Siddharth Pandey is an Indian chemist and professor working in the field of experimental physical chemistry. He currently serves as the N. K. Jha Chair Professor at the Department of Chemistry, Indian Institute of Technology Delhi (IIT Delhi). He has been a professor at IIT Delhi since April 2011 and previously held the position of Head of the Department from September 2022 to August 2024. He has also served as a visiting professor at the University of Missouri, Columbia, USA. He started his academic career as an assistant professor at New Mexico Tech, USA in 2000.

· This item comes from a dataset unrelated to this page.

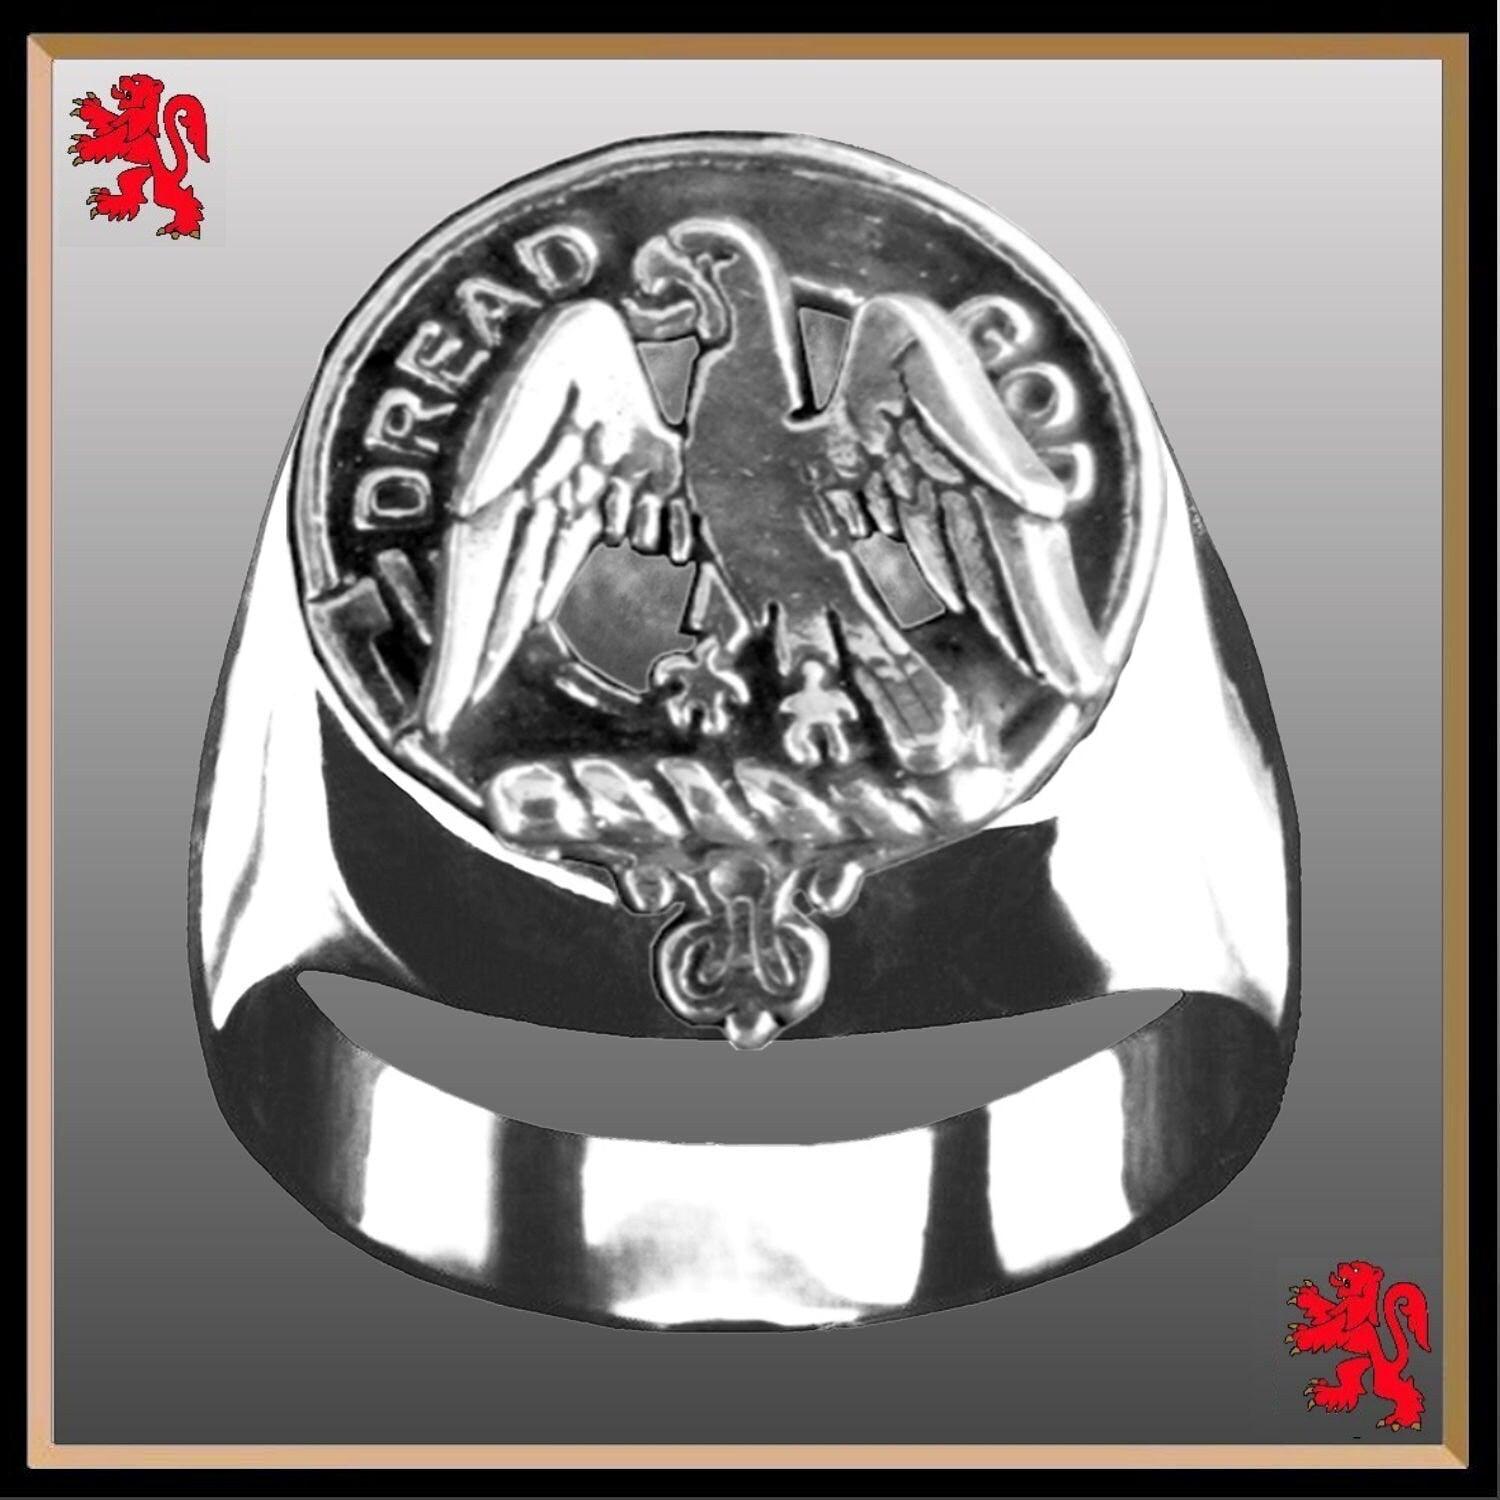 Munro Scottish Clan Crest Ring GC100  ~  Sterling Silver and Karat Gold

He earned the Chemical Research Society of India Bronze Medal (2016), Excellence in Teaching Award from IIT Delhi (2012), and was elected as a Fellow of the Royal Society of Chemistry (2015).

== Early life and education ==
Pandey was born in 1970 in Allahabad (now Prayagraj), Uttar Pradesh, India. He completed his school education in Allahabad and secured the first position in the state in the Intermediate Examination conducted by the Uttar Pradesh Board in 1987.

Pandey pursued his Ph.D. in Chemistry at the University of North Texas, where he worked under the supervision of William E. Acree Jr. He later completed his post-doctoral research at the University at Buffalo, State University of New York under the guidance of Frank V. Bright. He holds a Master of Science (5-Year Integrated) degree from the IIT Kanpur, where he conducted research on biprotonic excited-state intermolecular proton transfer in ionic micelles.

== Career ==
Pandey was awarded the N. K. Jha Chair Professorship in 2023 and previously held the Institute Chair Professorship from 2019 to 2023.

== Research ==
His research primarily focuses on optical spectroscopy, excited-state phenomena, optical sensing, and molecularly organized media. He has worked extensively on supercritical fluids, ionic liquids, deep eutectic solvents, fluorous solvents, and renewable solvents. His studies also include photophysics of polymers, biomolecules, and pharmaceuticals, as well as carbon dioxide capture and sequestration. He has served as an editorial board member of Scientific Reports for 10 years and is currently an editor of the Journal of Molecular Liquids.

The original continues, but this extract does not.